Drain Biofilms Bred Disinfectant-Resistant Bacteria That Infected 43 Patients

Chapuis 2016 Frontiers in Microbiology Peer-Reviewed

Key takeaway.

Bacteria living in hospital sink drain biofilms did not just survive chemical disinfection. They evolved resistance to the disinfectants used against them. Over three years, a single contaminated drain system infected 43 patients in a French hematology ward.

The study.

Between January 2011 and December 2013, 43 patients in a French hematology ward developed infections caused by ESBL-producing Enterobacter cloacae, a dangerous drug-resistant organism. When investigators finally tested the ward's sink drains, they found an exact genetic match: six matching clones appeared in both patient clinical isolates and environmental samples from the drains. The drain system was the source, not patient-to-patient transmission.

The most alarming finding went beyond simple contamination. The bacteria recovered from drain biofilms demonstrated exceptionally high resistance to quaternary ammonium compounds, the disinfectants routinely used in hospital sink cleaning. The same strain recovered from patients did not show this level of disinfectant resistance. The drain biofilm environment itself was selecting for and maintaining resistance. In other words, the act of trying to clean the drains with standard disinfectants was making the problem worse by driving resistance evolution.

The outbreak was finally interrupted when the hospital implemented mechanical biofilm removal combined with bleach-based disinfection. But the study's deeper lesson is clear: standard cleaning protocols that rely on quaternary ammonium compounds are not just ineffective against drain biofilm. They are counterproductive.

Key findings.

  • Genetic match between drain isolates and patient infections Six matching genetic clones appeared in both patient clinical isolates and environmental samples from sink drains, establishing the drain system as the outbreak source rather than patient-to-patient transmission.
  • Bacteria evolved resistance to standard disinfectants ESBL-producing E. cloacae strains from drain biofilms demonstrated exceptionally elevated resistance to quaternary ammonium compounds, the disinfectants routinely used for hospital sink cleaning.
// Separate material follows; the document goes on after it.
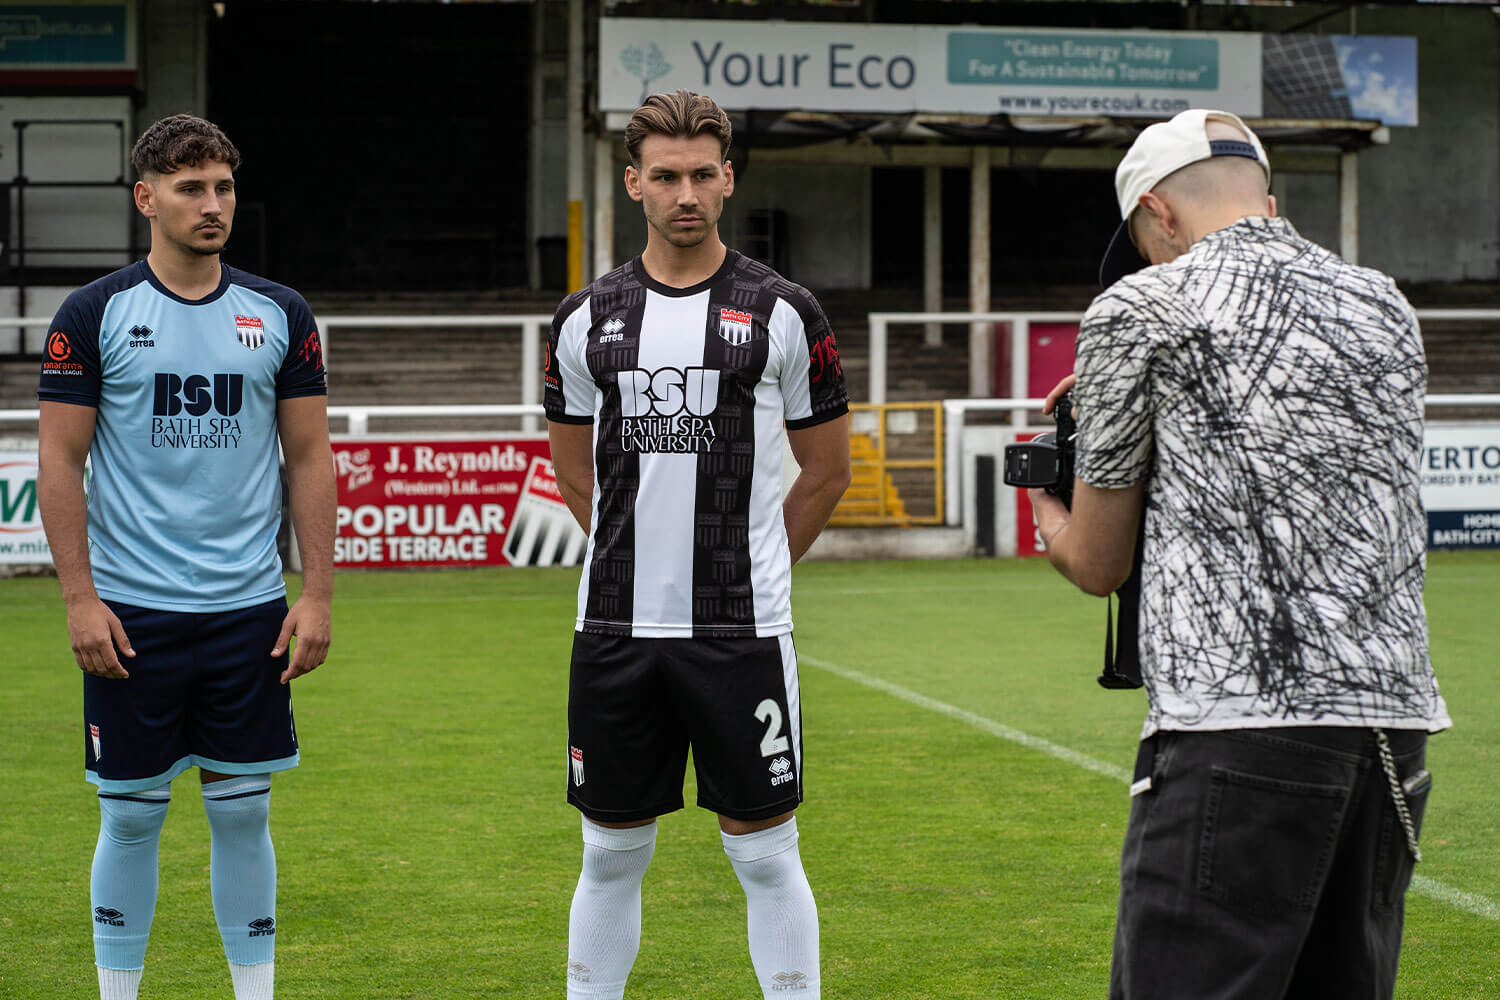 Two football players wearing Bath City shirts, one black and white, one blue, being photographed by a student at Twerton Park football stadium

This resistance was not present at the same level in patient isolates.
  • Drain biofilms harbor vastly more bacteria than patients Environmental samples from drains yielded substantially higher bacterial concentrations than clinical cultures from patients, demonstrating that drain biofilms harbor much larger microbial populations than individual patient infections.
  • Three years of standard cleaning failed to control the outbreak Standard sink cleaning with quaternary ammonium compounds failed to control the outbreak for three years. Only mechanical biofilm removal plus bleach treatment interrupted transmission.
  • CTX-M-15 was the dominant resistance gene Molecular characterization identified the bla-CTX-M15 gene in 37 of 60 ESBL isolates, indicating a clonally dominant outbreak strain with significant clinical implications.

What this means for your facility.

The Chapuis study demonstrates a critical problem with reliance on chemical disinfection: organisms in drain biofilms develop resistance to the disinfectants applied against them. The team found high-level quaternary ammonium compound resistance in E. cloacae from drain biofilms but not in the same strain from patient isolates. This means the biofilm environment selects for and maintains resistance phenotypes. Chemical treatment does not merely fail temporarily. It selects for resistant subpopulations that regenerate between applications.

Green Drain's mechanical seal approach avoids this resistance-selection problem entirely. By preventing contaminated plumbing water from accessing hospital environments, the product eliminates the need for repeated disinfectant treatment of drain biofilms. Organisms can remain in downstream biofilms without posing clinical risk, removing the selective pressure that drives resistance evolution. The one-way silicone valve with gasket seal stops upward migration of organisms from the biofilm-rich downstream plumbing into the hospital environment.

Green Drain also eliminates the requirement for specialized or intensive drain disinfection protocols. Standard sink wiping and cleaning proceed normally. The drain itself requires no special treatment. The product's passive mechanical design means that infection control efficacy does not depend on cleaning staff compliance, disinfectant selection, or application protocols. These are common sources of variability in environmental cleaning effectiveness, and Chapuis documented exactly how that variability leads to prolonged outbreaks.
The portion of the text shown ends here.